I made the following conjecture

al-mahed

yes, S' infinite <==> S infinite, but to prove S' infinity seems to be as difficult as the original problem... if we prove that we could put all the primes into these two sets:

1. S is infinite ==> S' is infinite *
2. S' is infinite ==> S is infinite

* S infinity ==> S' infinity because if q = p + 2^n, q > 2^n ==> q - 2^n = p positive

CRGreathouse

Certainly there are many primes not in either S or S', so there goes that approach.

al-mahed

Sorry about my poor english but I did not follow you... you mean that in fact there are primes not in S or S'? Primes that cannot be written as p + 2^n or p - 2^n?

dodo

Post #9 shows examples of primes not of the form p + 2^n.

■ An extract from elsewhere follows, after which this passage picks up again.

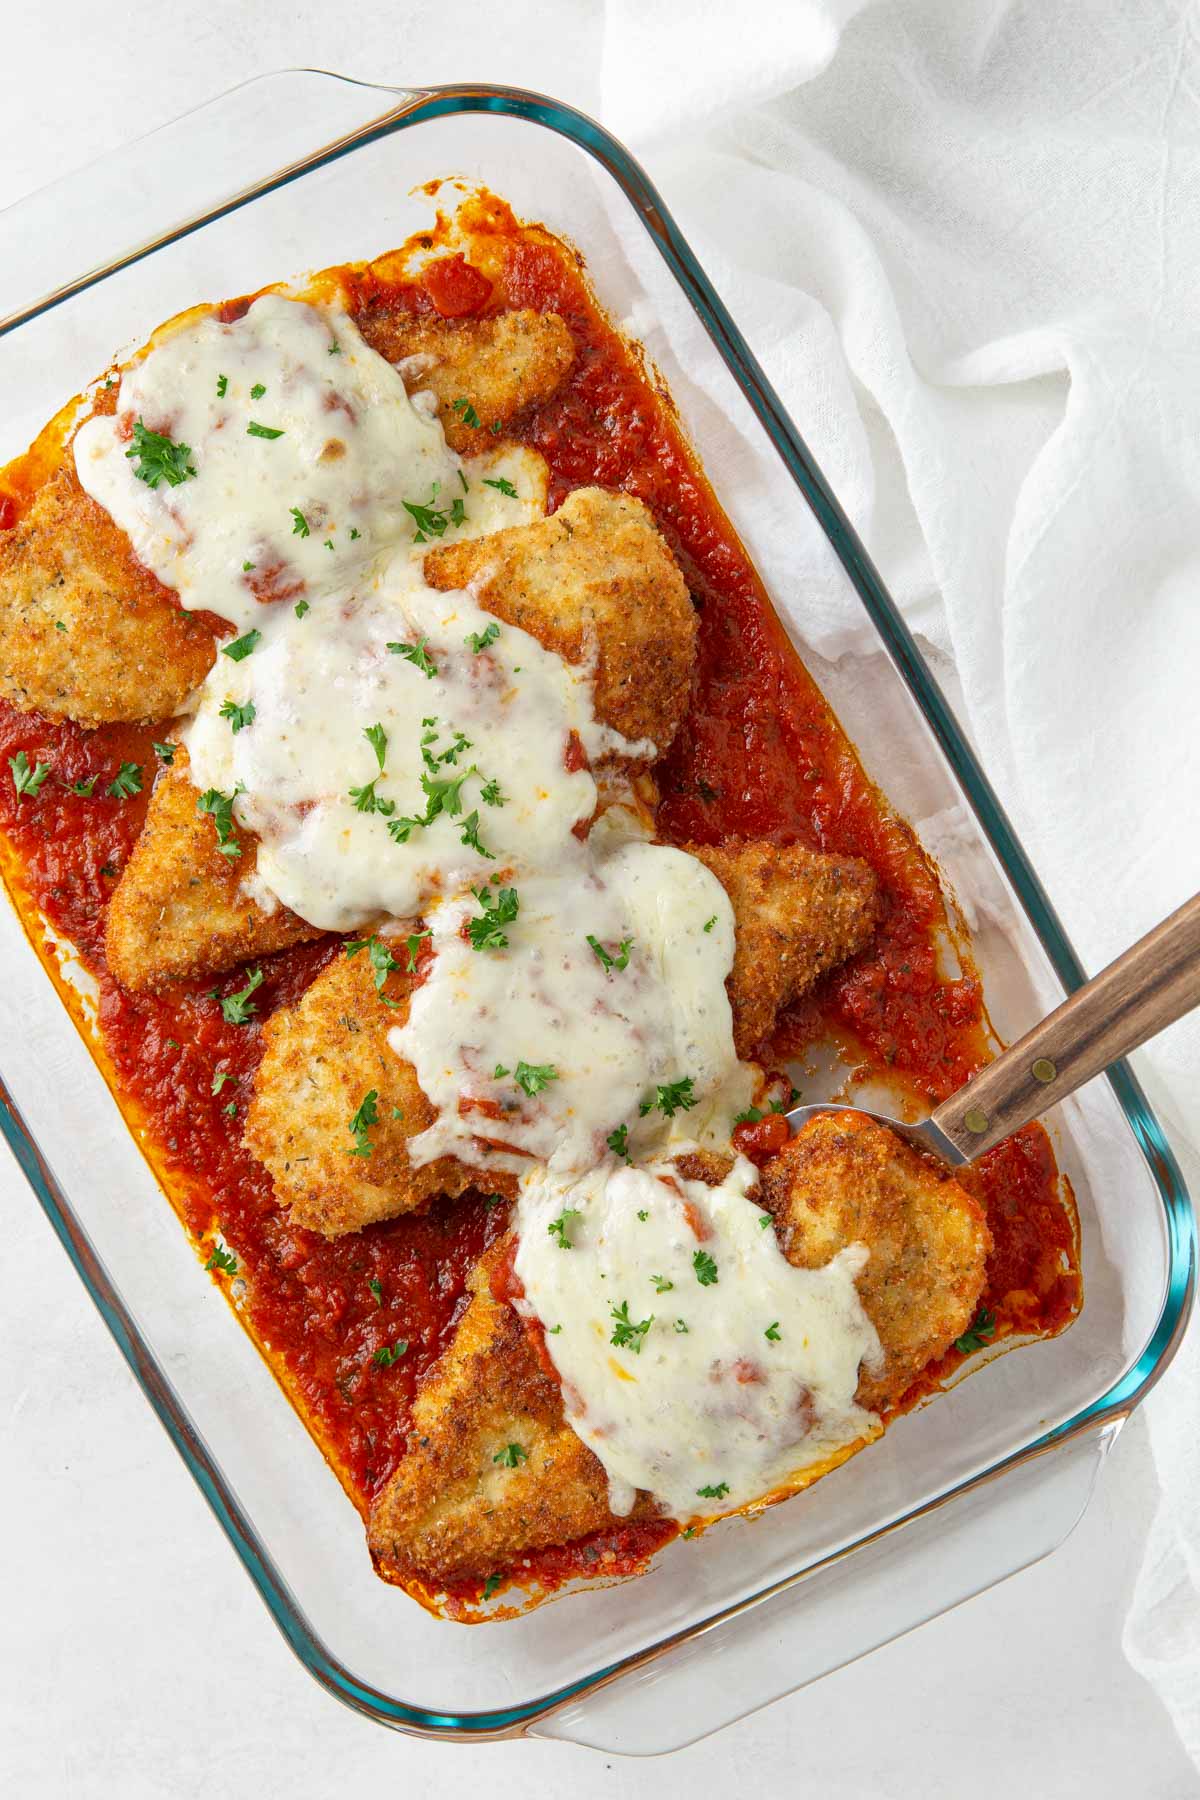 Overhead view of chicken parmesan in a glass baking dish with a server.

I imagine that finding counterexamples for p - 2^n (in particular, checking those on A065381) is harder, since there is no limit to p or 2^n.

al-mahed

I made another conjecture: those primes that cannot be written as p + 2^n could be written as p - 2^n

Consider the two sets:

S = set of primes of the form p + 2^n
S' = set of primes of the form p - 2^n

If we prove that all primes should be in one of these two sets the infinity of the two sets will be proved.

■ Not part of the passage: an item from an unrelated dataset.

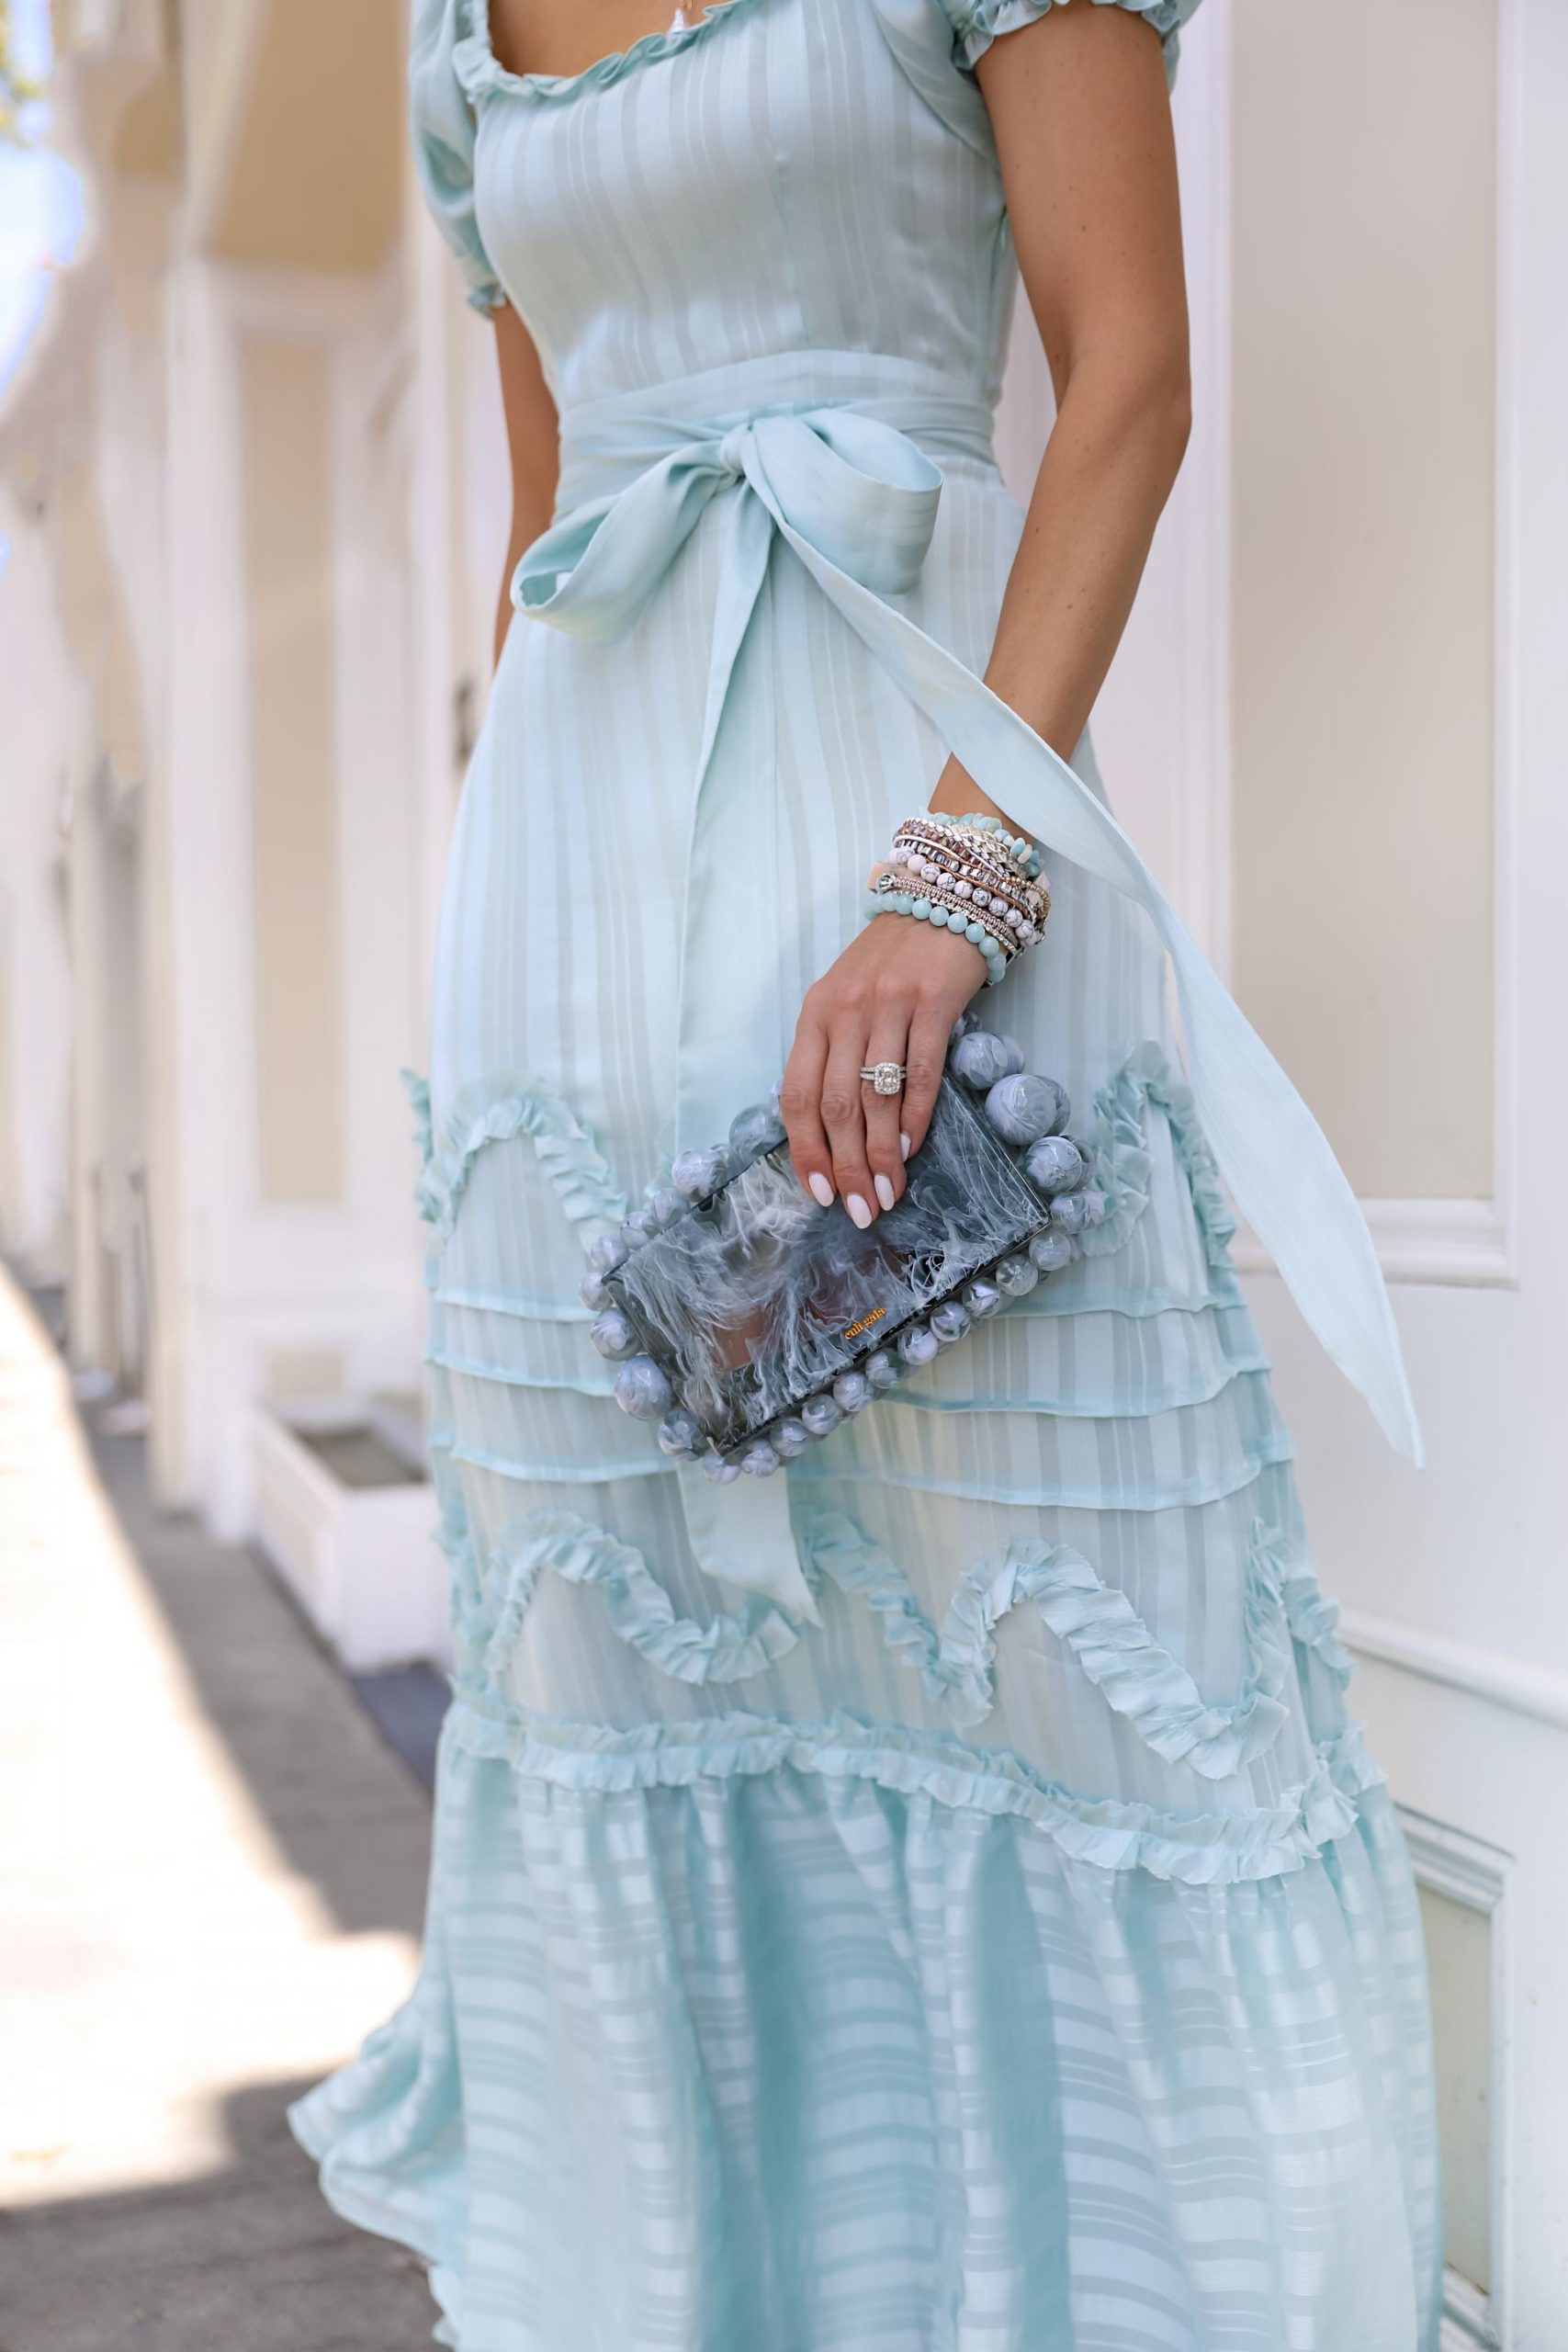 Bridgerton style with boho accessories, wedding guest inspiration by Lombard & Fifth Veronica Levy.

In fact post #5 shows that the primes not in S may could be found in the infinity of the negative integer line as -p + 2^n, which I wonder is the same thing of find this primes in the infinity of the positive integer line as p - 2^n. We can search to infinity for them, increasing both p and 2^n until find a match.

This is why [tex]S \subset\ S'[/tex], I think. This is why trying to show that primes are in the form p + 2^n contain "gaps" = p - 2^n.

And now, by Tchebychef: for m > 1 there is at least one prime p such that m < p < 2m

if we put m = 2^n, n a natural > 0 ==> 2^n < p < 2^(n+1)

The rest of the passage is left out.